- [Data section]:

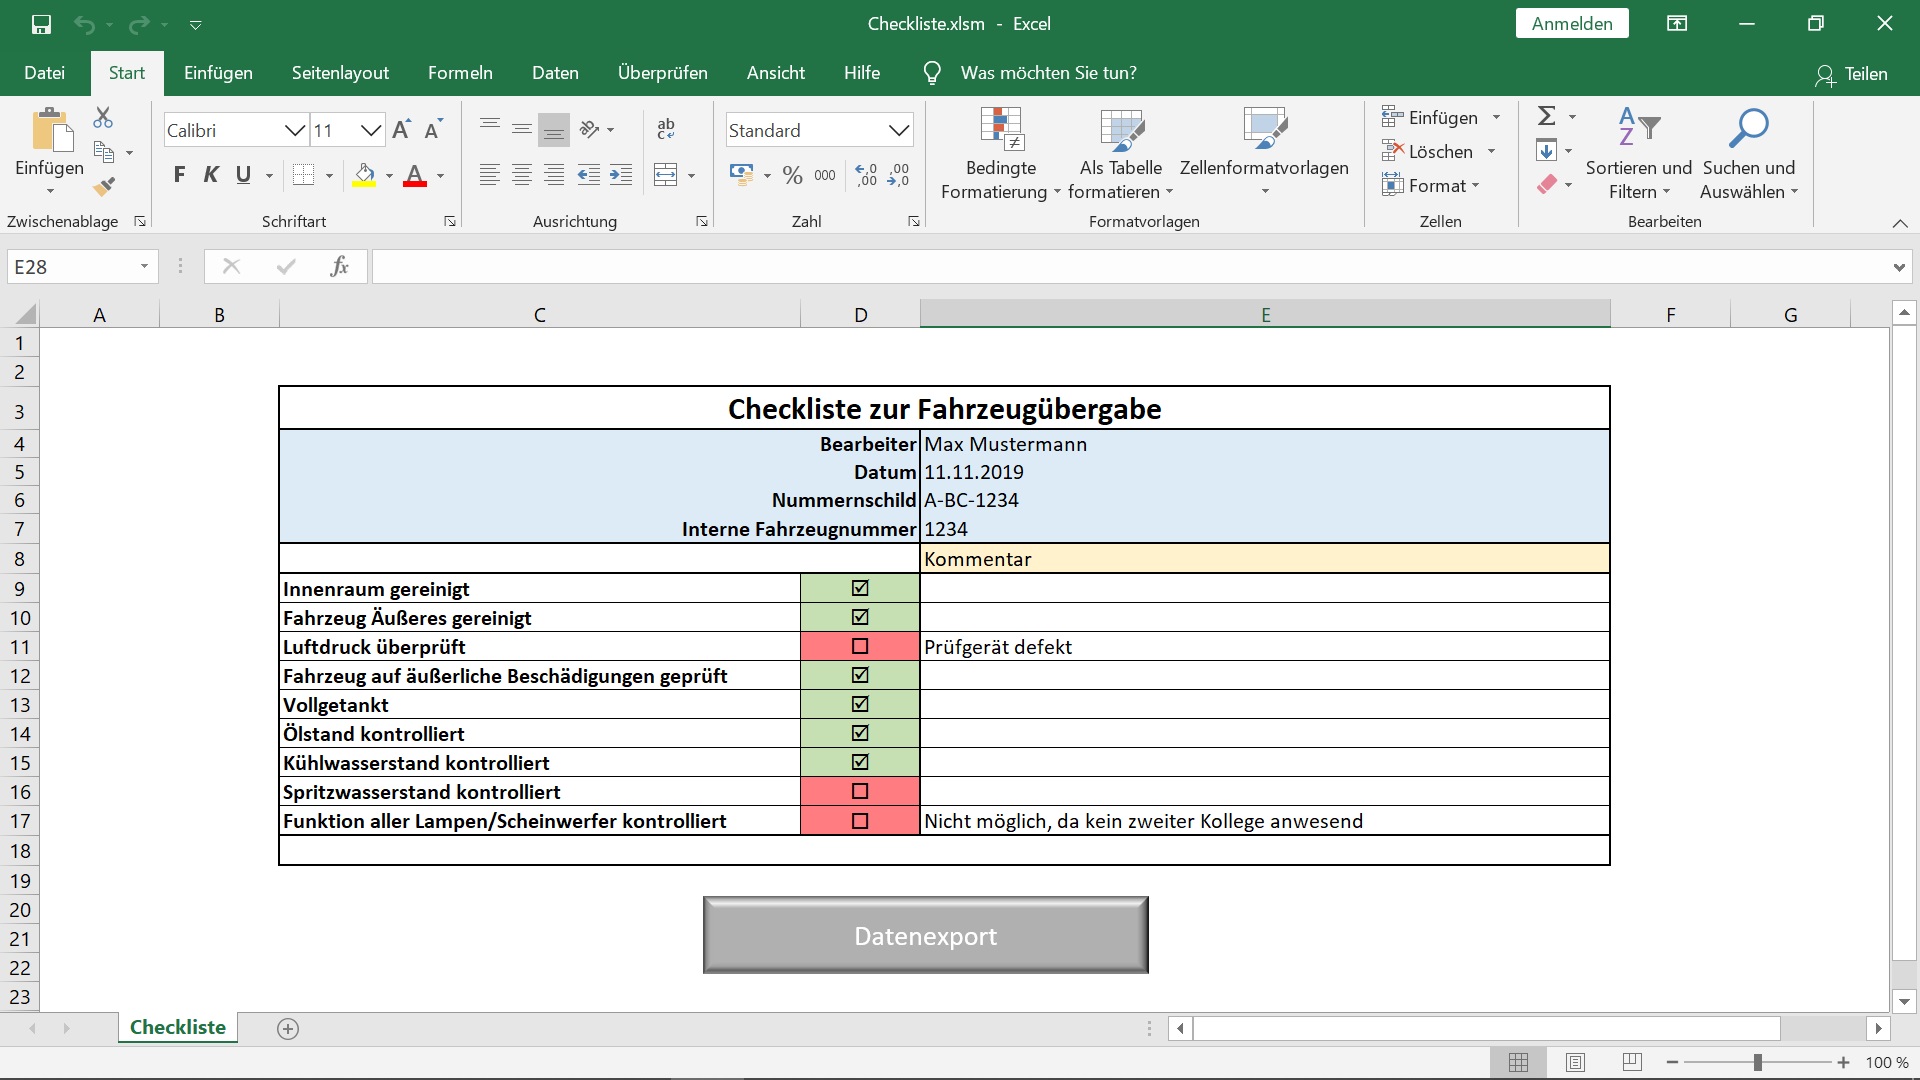 Excel Checklisten als Basis für automatisierte Auswertungen
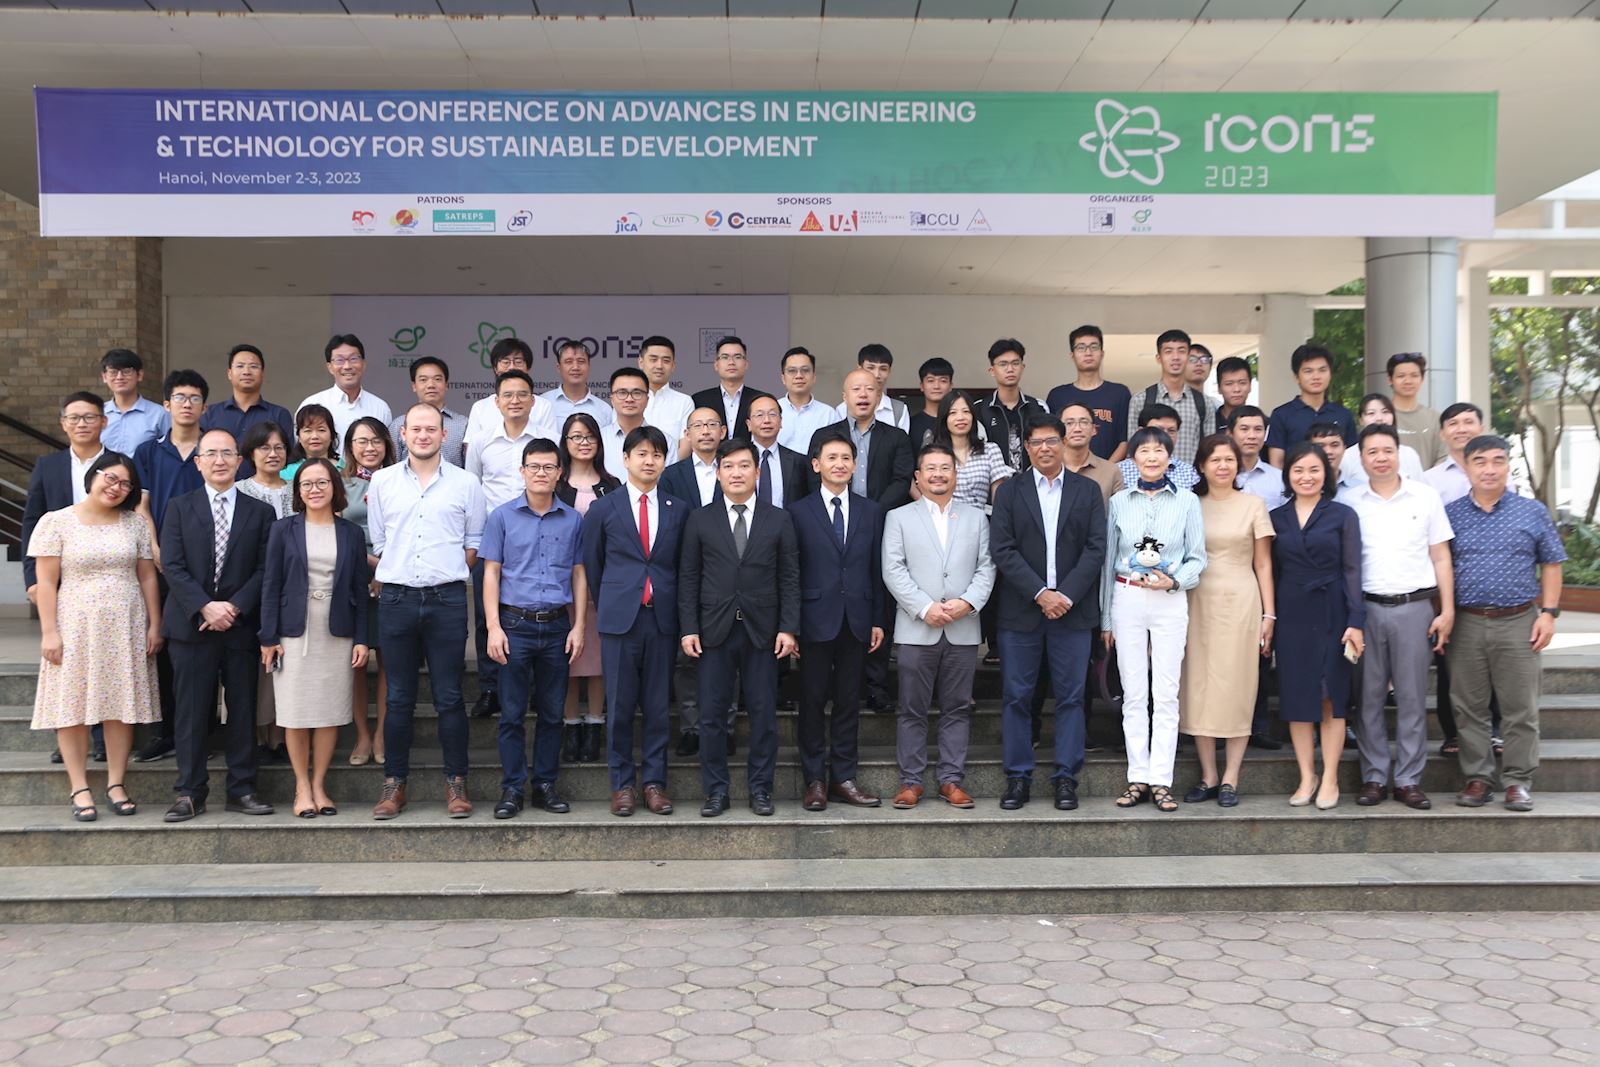 Hội nghị quốc tế lần Thứ nhất về những tiến bộ trong kỹ thuật và công nghệ hướng đến phát triển bền vững
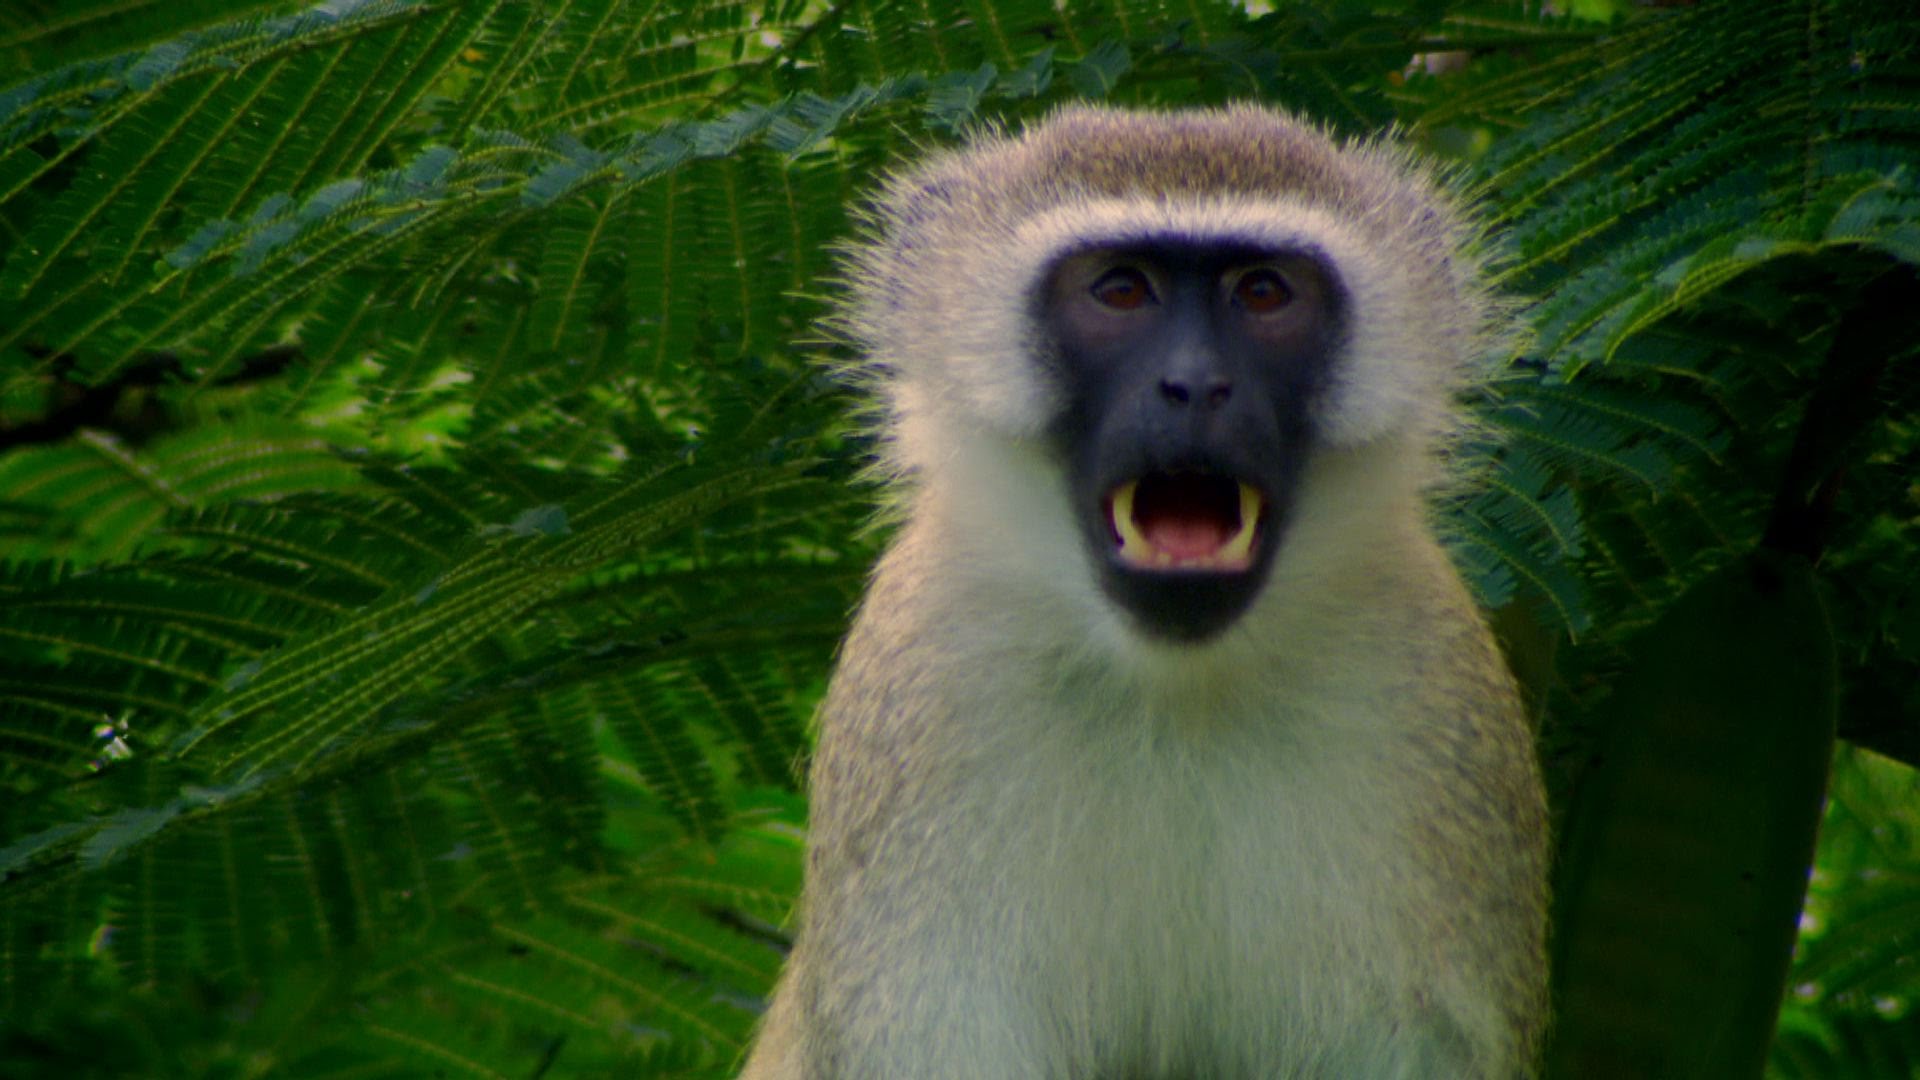 Vervet monkey's escape plans - Talk to the Animals: Episode 2 ...

- [What to do]: Return every line shown above without changing a word, and skip the pictures.

- [Task solution]:
 Excel Checklisten als Basis für automatisierte Auswertungen
 Hội nghị quốc tế lần Thứ nhất về những tiến bộ trong kỹ thuật và công nghệ hướng đến phát triển bền vững
 Vervet monkey's escape plans - Talk to the Animals: Episode 2 ...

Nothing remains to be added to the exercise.